2. Bagaimana tingkat kepatuhan dalam pembatasan asupan cairan dan
nutrisi pada pasien CKD yang menjalani terapi hemodialisa di RSUD
Kab Tangerang Tahun 2015 ?
3. Apakah dukungan keluarga mempengaruhi kepatuhan dalam
pembatasan asupan cairan dan nutrisi pada pasien CKD yang
menjalani terapi hemodialisa di RSUD Kab Tangerang Tahun 2015 ?
1.4 Tujuan Penulisan
1.4.1 Tujuan Umum
Penelitian ini secara umum dilakukan untuk mengetahui hubungan
dukungan keluarga terhadap kepatuhan dalam pembatasan asupan cairan
dan nutrisi pada pasien CKD (chronic kidney disease) yang menjalani
terapi hemodialisa di RSUD Kab Tangerang
1.4.2 Tujuan Khusus
1. Teridentifikasinya karakteristik keluarga pasien yang menjalani
hemodialisa (usia, jenis kelamin, pendidikan, pekerjaan, penghasilan
dan hubungan dengan pasien) di Rumah Sakit Umum Kab Tangerang.
12
2. Teridentifikasinya dukungan keluarga (dukungan emosional, dukungan
informasi, dukungan instrumental dan dukungan penilaian) di Rumah
Sakit Umum Kab Tangerang.
1.5 Manfaat Penelitian
a. Ilmu Keperawatan
Menambah informasi terutama dalam ilmu keperawatan yang terkait
dengan munculnya masalah kesehatan, terutama pada kepatuhan pasien
CKD (chronic kidney disease) terhadap pembatasan asupan cairan dan
nutrisi di RSUD kota Tangerang.
b.
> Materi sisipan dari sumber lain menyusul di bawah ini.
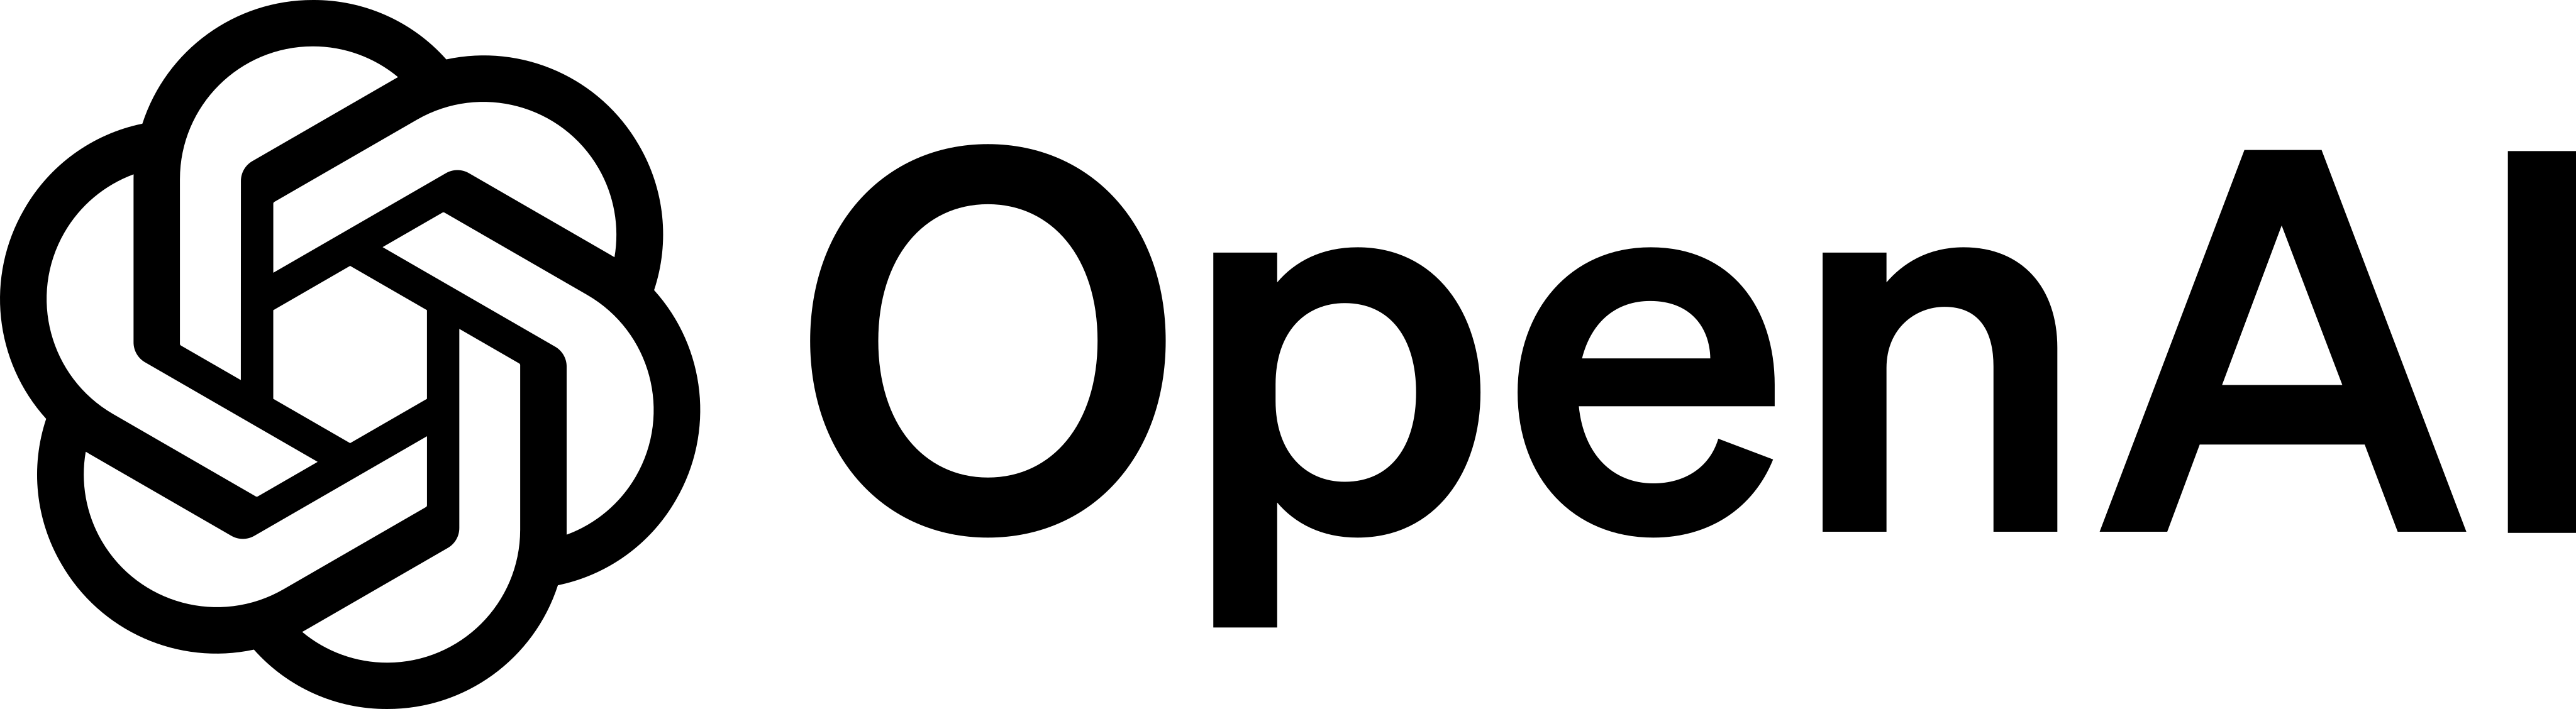 openai logo - OpenAI Logo

Profesi Keperawatan
Hasil penelitian ini diharapkan dapat menggambarkan bentuk dukungan
keluarga yang berhubungan dengan kepatuhan pasien CKD terhadap
pembatasan asupan cairan dan nutrisi, sebagai masukan bagi dunia
keperawatan dalam keperawatan hemodialisa.
c. Institusi
Sebagai informasi tambahan agar dapat digunakan sebagai sumber
informasi ilmu pengetahuan bagi mahasiswa.
d. Masyarakat
Hasil penelitian ini diharapkan dapat menjadi tambahan pengetahuan
terkait dengan pelayanan kesehatan bagi masyarakat.
13
e. Peneliti
Memperoleh pengalaman baru dalam melakukan penelitian khususnya
tentang bentuk dukungan keluarga yang berhubungan dengan kepatuhan
pasien CKD terhadap pembatasan asupan cairan dan nutrisi bagi pasien
yang menjalani terapi hemodialisa.
f. Penelitian selanjutnya.
Hasil penelitian ini berguna dalam menambah pengalaman peneliti dan
dapat dijadikan sebagai sumber informasi bagi penelitian selanjutnya
mengenai bentuk dukungan keluarga yang berhubungan dengan kepatuhan
terhadap asupan cairan dan nutrisi pada pasien hemodialisa.